Activity: Write out the listing below in its entirety, minus the pictures, without changing a word.

Data segment:
===
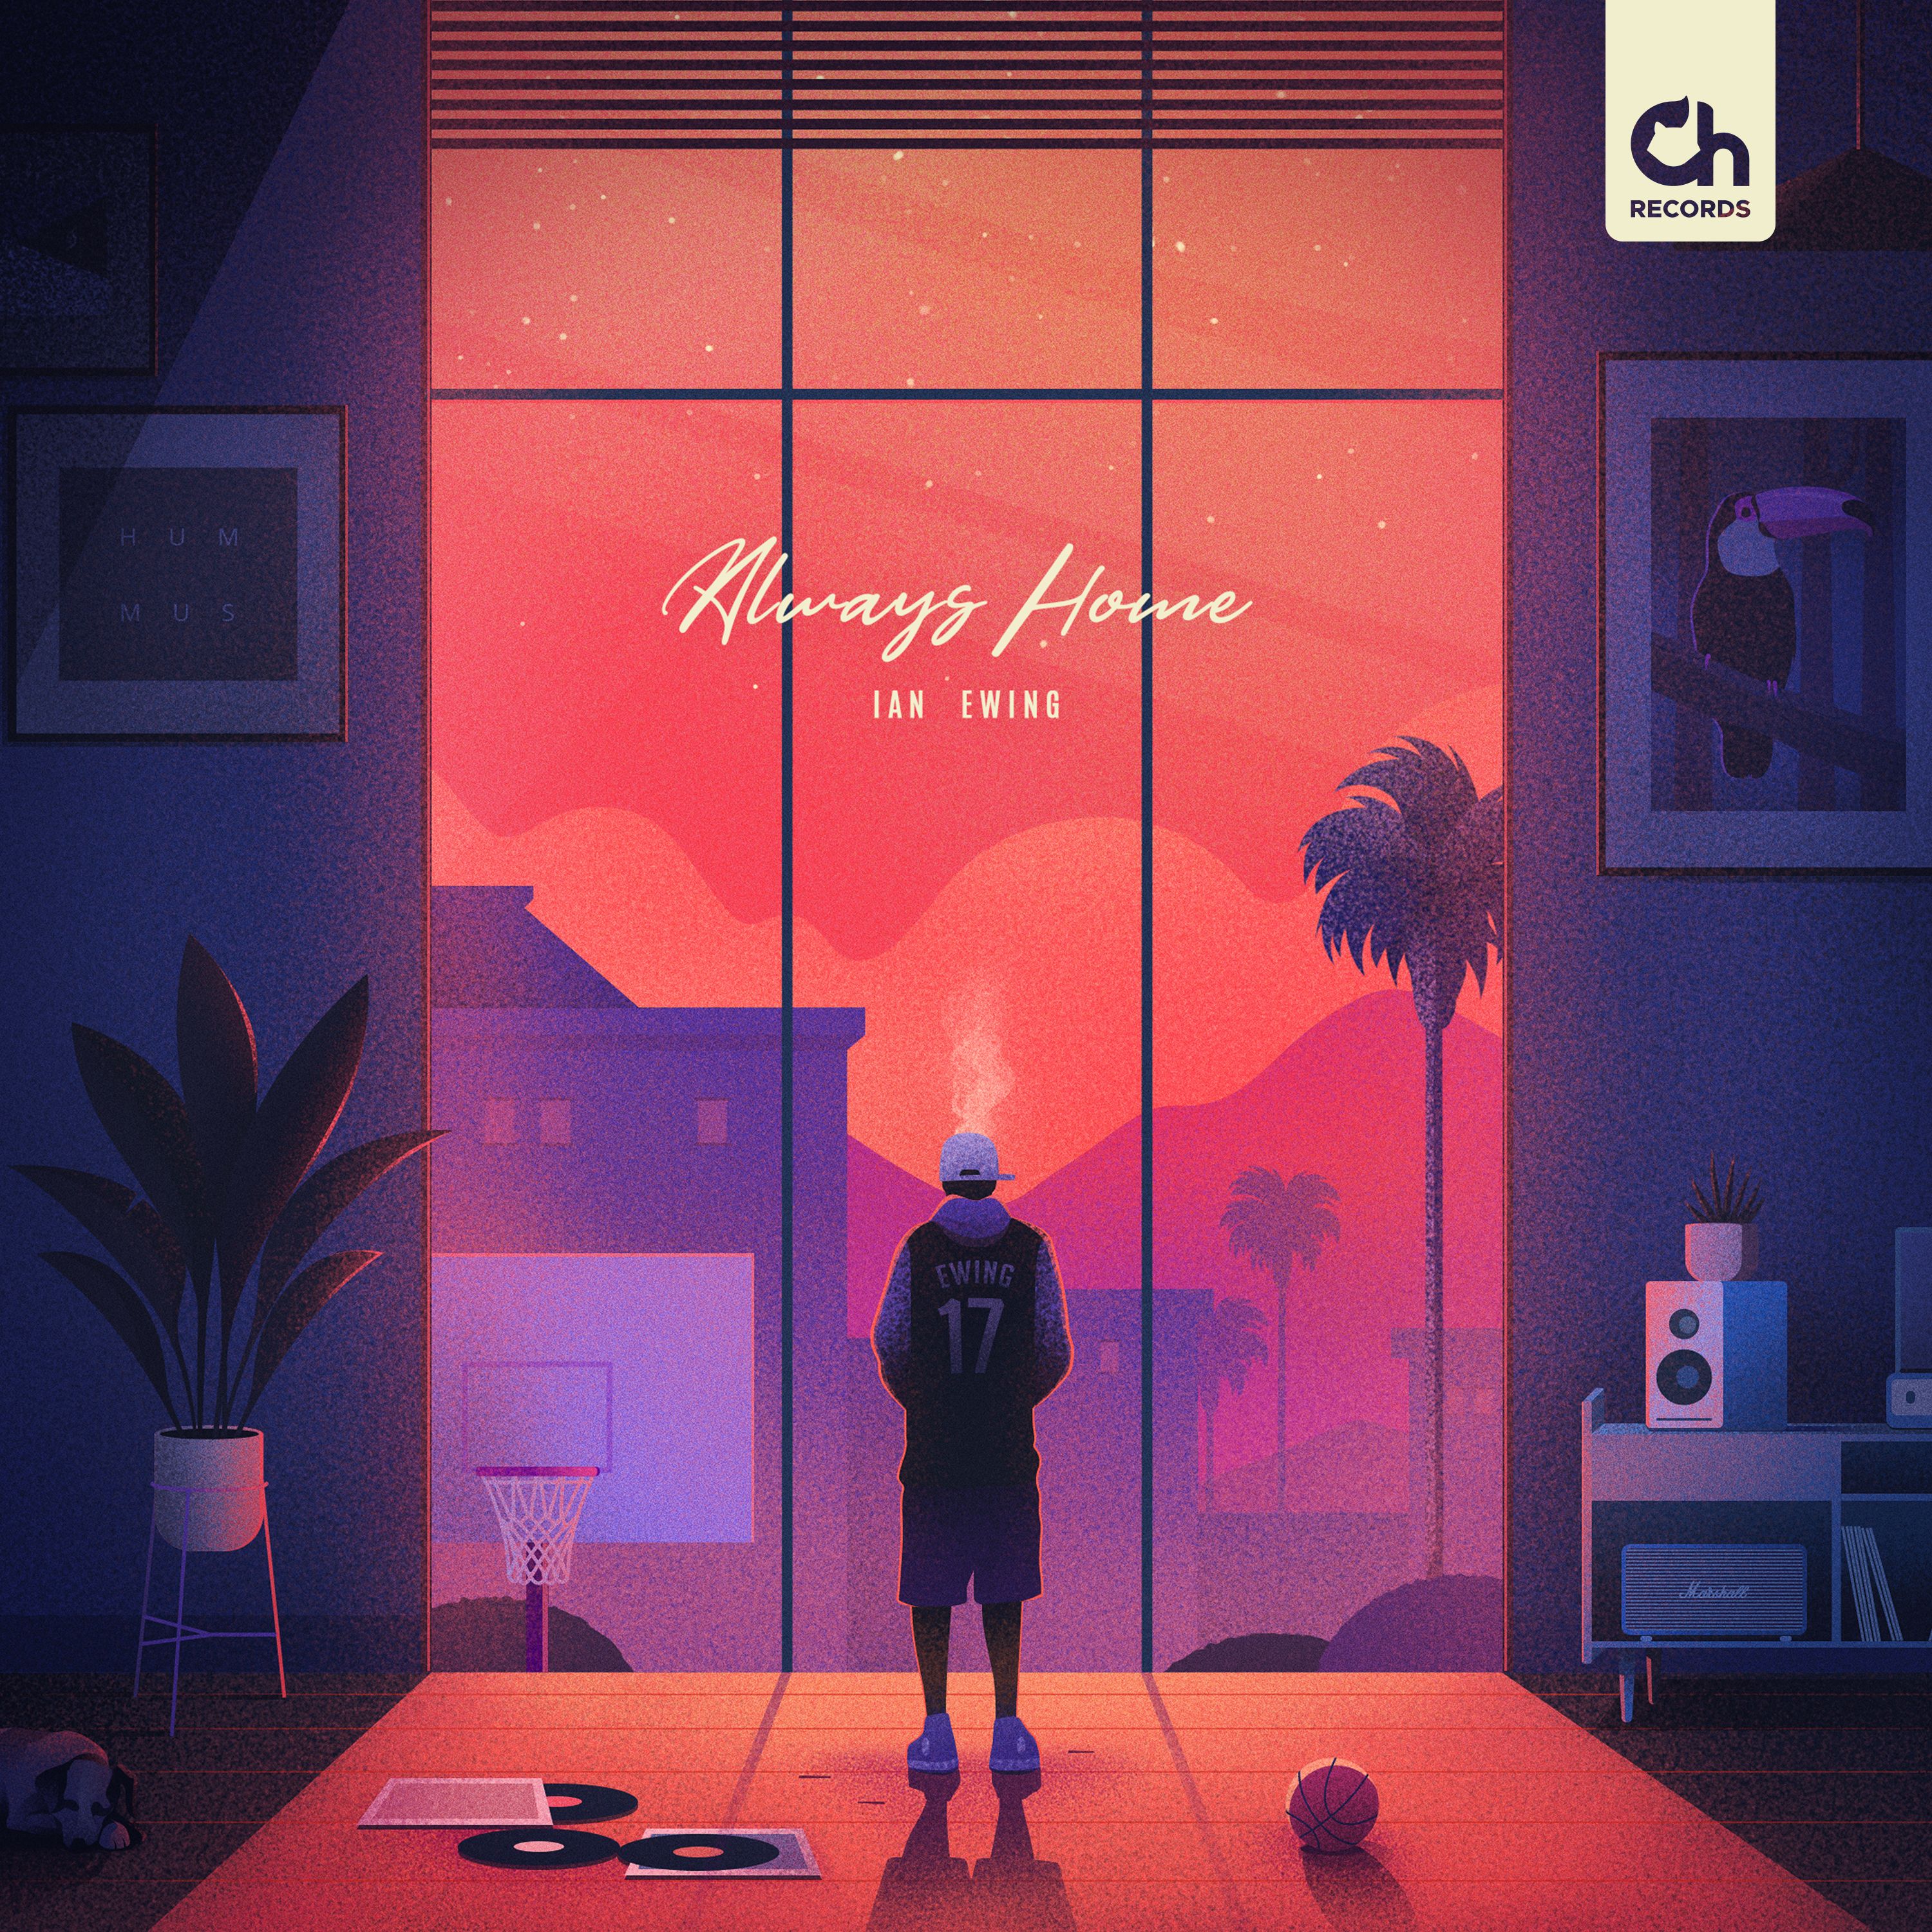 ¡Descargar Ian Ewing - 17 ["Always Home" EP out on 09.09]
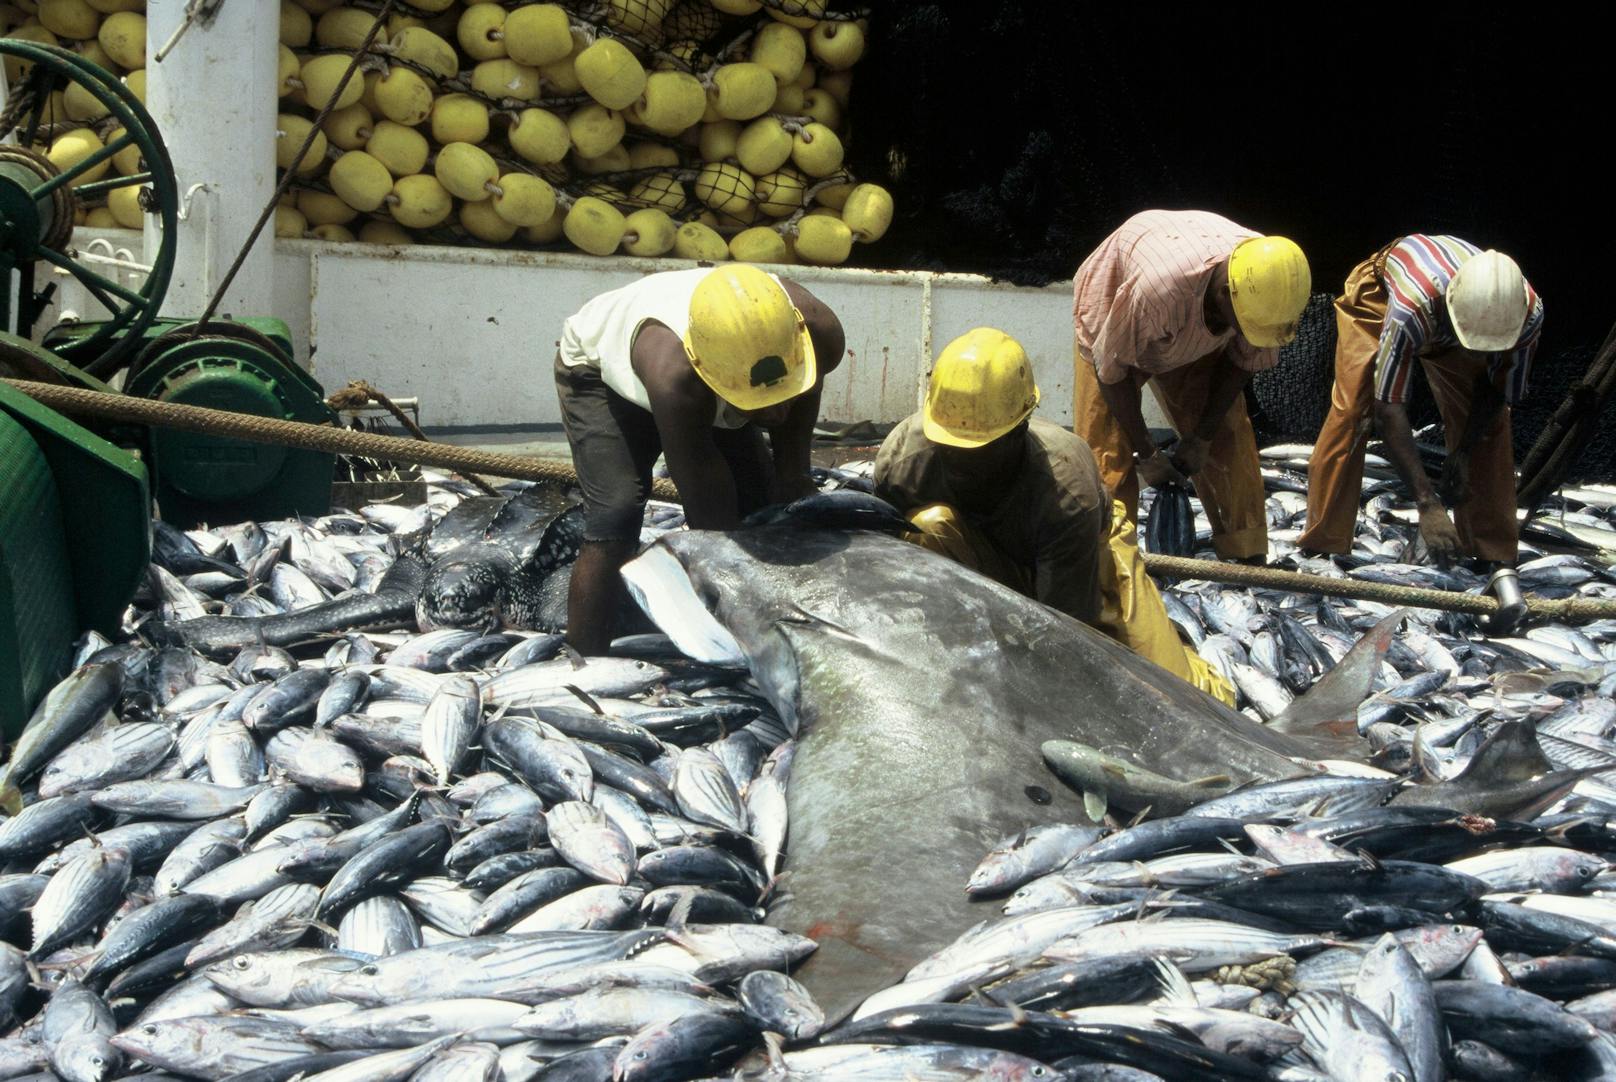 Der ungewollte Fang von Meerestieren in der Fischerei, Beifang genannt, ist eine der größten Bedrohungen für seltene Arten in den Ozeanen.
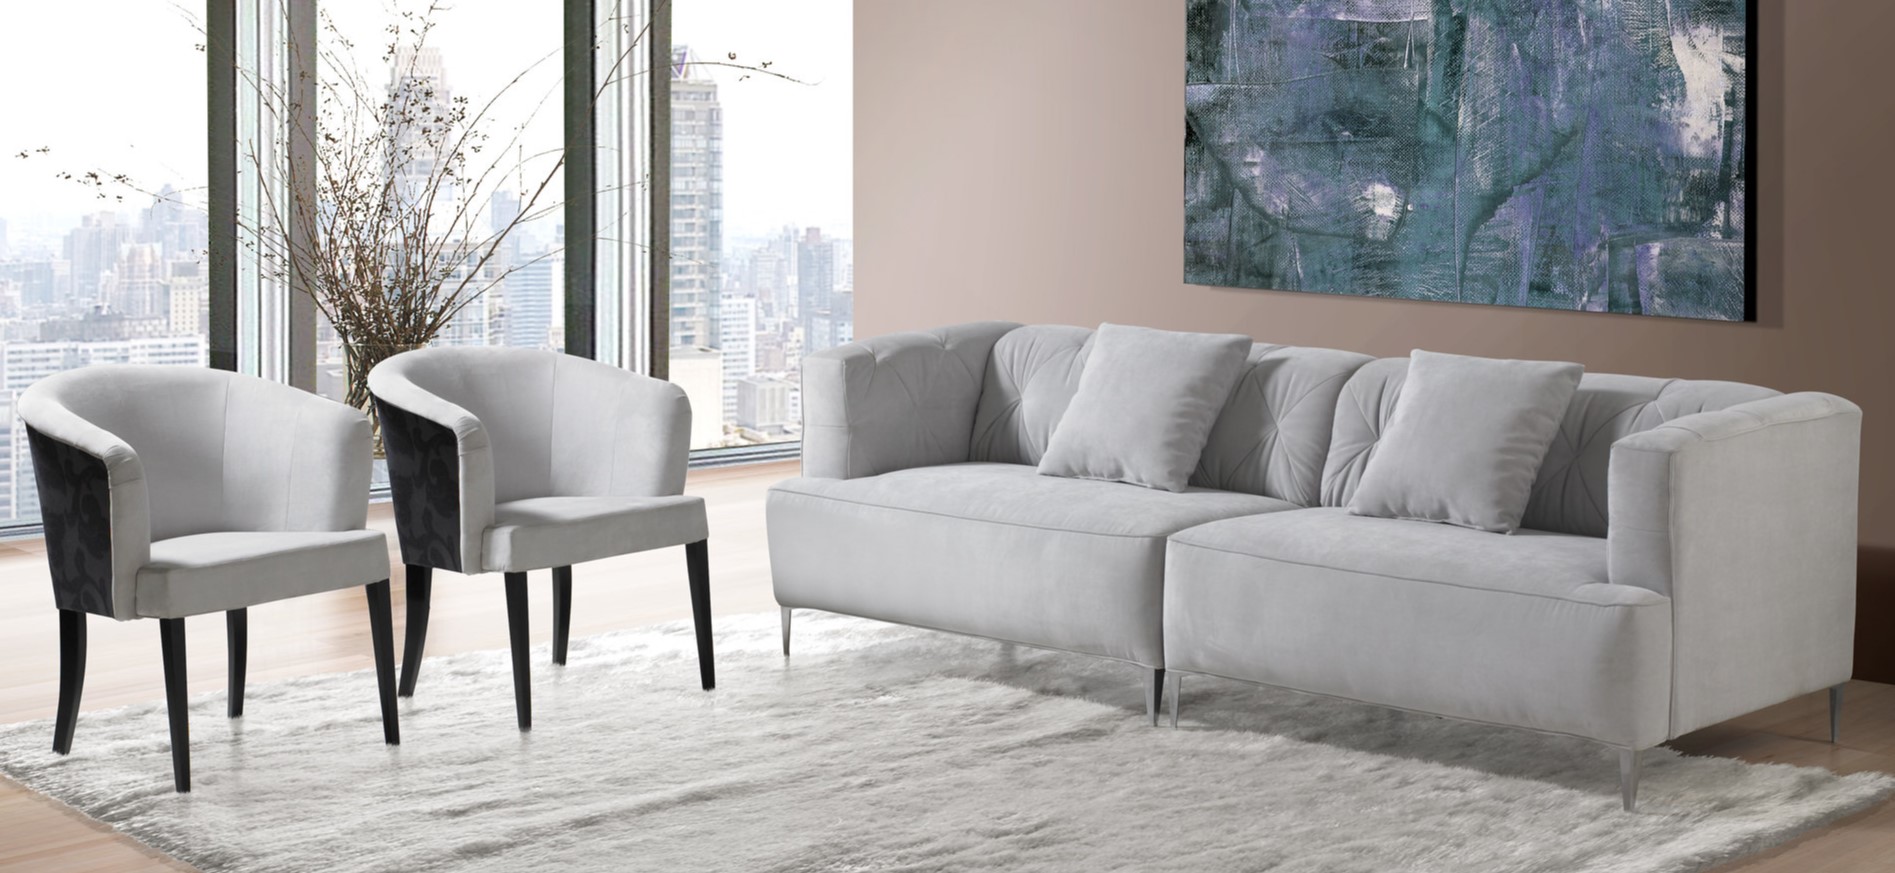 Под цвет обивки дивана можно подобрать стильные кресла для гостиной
===
Response to the exercise:
 ¡Descargar Ian Ewing - 17 ["Always Home" EP out on 09.09]
 Der ungewollte Fang von Meerestieren in der Fischerei, Beifang genannt, ist eine der größten Bedrohungen für seltene Arten in den Ozeanen.
 Под цвет обивки дивана можно подобрать стильные кресла для гостиной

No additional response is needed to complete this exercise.